Sildenafil was also shown to be efficacious and generally well tolerated in a trial of 35 men who had ED and New York Heart Association class II or III congestive heart failure, but who did not have active ischemia and were not taking nitrates.26 All 35 enrollees successfully completed the initial single-dose (sildenafil 50 mg) safety study – none reported any adverse effect and 4 h of monitoring showed no significant decrease in mean heart rate or blood pressure, and no decrease of more than 10% from baseline in mean arterial pressure – after which they were randomized to double-blind sildenafil 50 mg or placebo for 6 weeks, followed by crossover. Erectile function improved only during sildenafil administration, regardless of the treatment order (P<0.001) and with no difference between the groups (sildenafil first vs placebo first; P=0.98), and returned to baseline in the group that crossed over to placebo in the second period. During the placebo period, two men developed asymptomatic atrial fibrillation and a third developed worsening symptoms of congestive heart failure, but there were no significant hemodynamic effects during the trial, no hospitalizations within 30 days of trial completion, no deaths within 3 months of trial completion, and no reports of blurred or altered vision, flushing, headaches, or nausea.

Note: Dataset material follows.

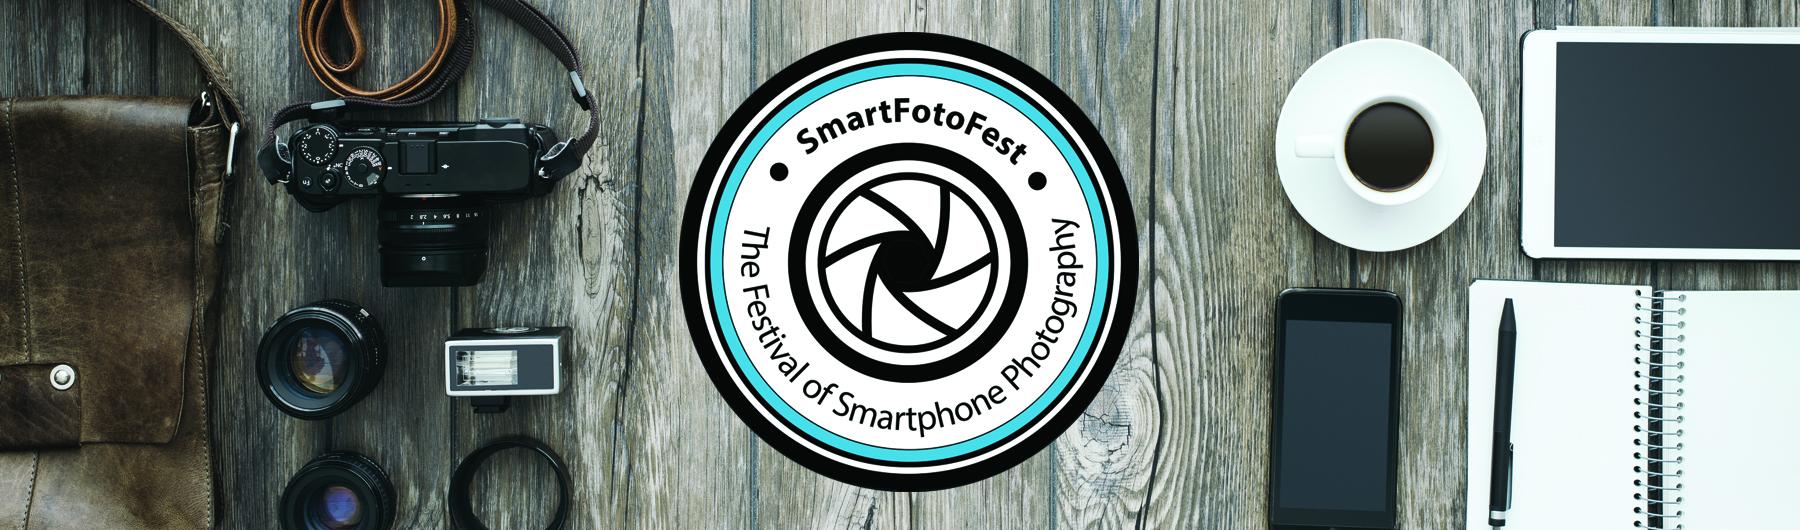 Smartfotofest

In combination, these results demonstrate that sildenafil did not precipitate further cardiovascular events and was generally well tolerated in men with ED and cardiovascular disease. Similar results were reported in patients treated with sildenafil citrate (Revatio) 20, 40 or 80 mg for pulmonary hypertension in a large (n=278) randomized, double-blind, placebo-controlled trial, in which exercise tolerance (P<0.001) and the World Health Organization functional class (P<0.01) improved and the mean pulmonary-artery pressure decreased (P<0.05).51 There were only two serious treatment-related adverse events: left ventricular dysfunction in a patient receiving sildenafil 20 mg and postural hypotension in a patient receiving an initial dose of sildenafil 40 mg.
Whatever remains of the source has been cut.